23 de janeiro de 2013

Que descolorirá


http://www.flickr.com/photos/soniamadruga/5199210061/in/photostream/



Na história que meu pai nos contava quando éramos crianças, eu era a flor mais velha de pétalas coloridas que mudavam de cor toda vez que aprendia algo novo.

 Um dia desses, estava pensando sobre a experiência das mudanças e me dei conta que ser “forasteiro” nos tempos de adaptação é como voltar a ser criança. A cada passo uma nova descoberta, um novo desafio.
O aprendizado de uma forma geral, não é algo fácil.  Exige querer aprender, exige esforço, mas muda as cores do mundo ou, pelo menos, as cores do olhar que temos do mundo.

 Agora, tenho para mim, que mais desafiador que ser forasteiro, é encontrar a lição que o cotidiano, na sua simplicidade extrema e repetitiva, tem a nos oferecer.
Buscar o singelo contraste das cores de cada dia, aparentemente iguais, é o desafio que garante a vivacidade da aquarela que compomos com a nossa vida...

Por Mari


16 de janeiro de 2013

Nas Fronteiras do Humano

viagem pelo Rio Moa

Eu hoje moro no Acre, numa cidade que fica no extremo oeste do Brasil, fronteira com o Peru. Não sei ao certo o motivo pelo qual vim parar nessas fronteiras, talvez porque nunca fui de fazer grandes cálculos acerca dos caminhos que tomo.

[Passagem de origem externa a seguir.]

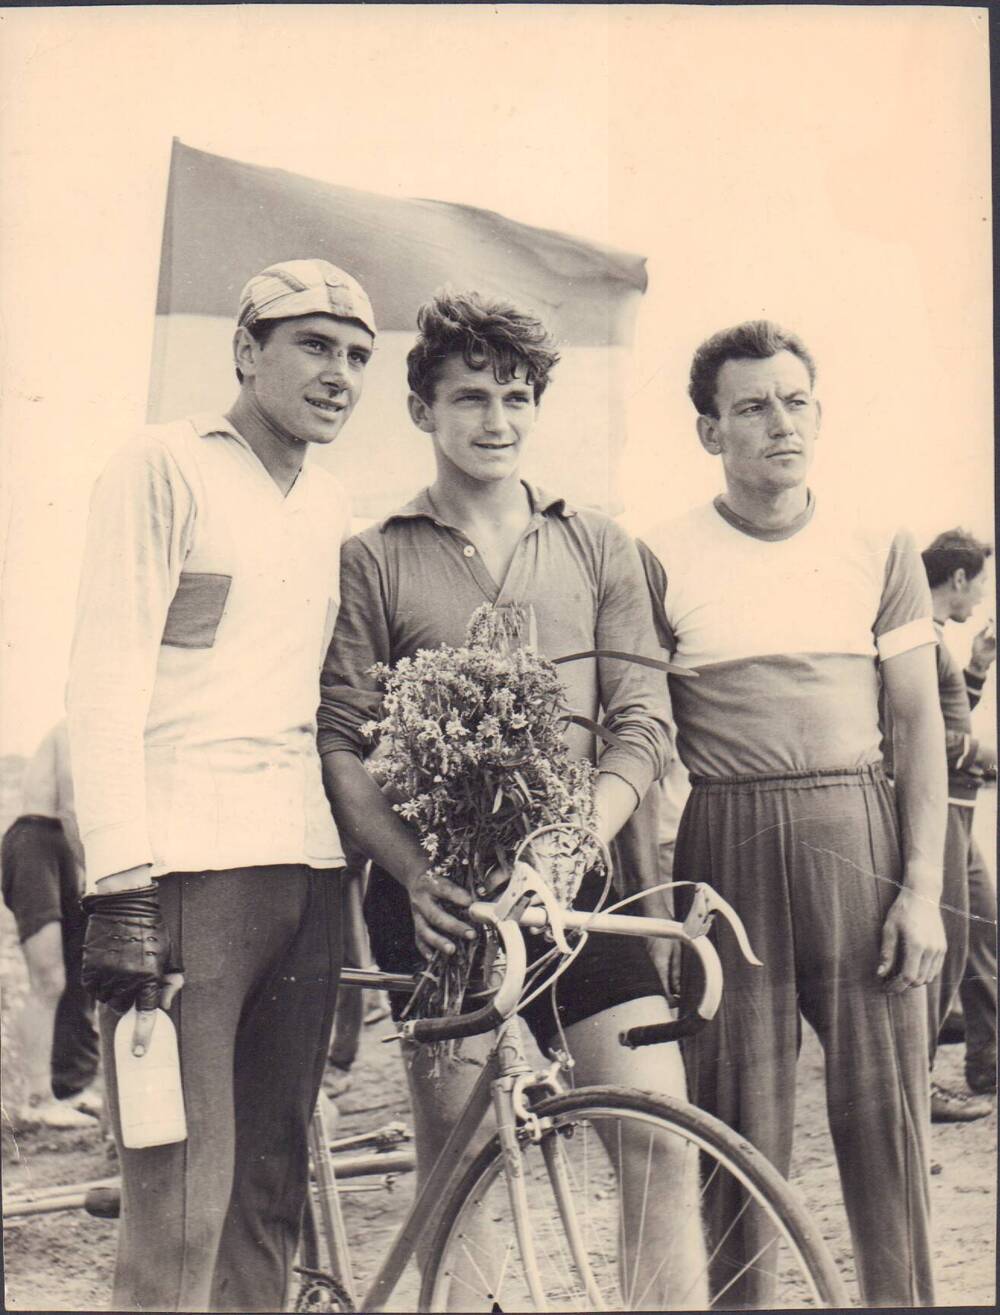 Фотография. Чемпионы области по велоспорту - Авилкин А. (г.Мичуринск), Власов Е. (г.Тамбов), Белов А. (г.Кирсанов), февраль 1963 года.

À experiência no norte atribuo boa parte da minha compreensão de mundo; o choque com o diverso amplia horizontes. Talvez por essa razão seja sempre tão bem humorada quando questionada sobre a existência do Acre, tanto pelos que só querem uma razão para se aproximar quanto pelos que não compreendem a opção por um lugar tão longínquo. Não é possível escrever em poucas linhas o que significa morar no Acre. Lidar com um povo que ri quando tem vontade independente de onde estiver, que conversa honestamente não só por palavras, mas principalmente por gestos. Os gestos são realmente o que fascina. Eu não concebia pessoas cuja expressão corporal não estivesse limitada pelas regras do ‘bom convívio social’. Incomoda um pouco a lascividade evidente, embora meu olhar treinado a reconheça mesmo nos ambientes mais formais (com mil aspas: civilizados).  Mas o incômodo é o que tange as fronteiras do que se pensa ser o humano e pode alargá-las desde que o olhar esteja disposto. No entorno da cidade sobrevivem populações indígenas, espremidas entre os interesses latifundiários e o desprezo dos citadinos, que anseiam pelo dito progresso, para o qual os indígenas são barreiras constantes. Um mundo ininteligível, penso eu. Seu riso, seu gestual, suas crenças... penso entender, mas sei que minha mentalidade ocidental os inventa, assim como eles devem me inventar – e isso Roy Wagner me esclareceu. Sei que não são mendigos à procura da redenção pelo homem branco, nem coisinhas lindinhas saídas dos livros para me satisfazer e impressionar. Penso que muitas vezes vejo, mas não enxergo culturas tão diversas, mesmo porque elas nem sempre, ou não tão rapidamente, dão a conhecer de forma clara os seus sistemas de verdades, de convívio social e de relação com a terra. Eis que novas fronteiras se interpõem e segue a vida em terras acrianas.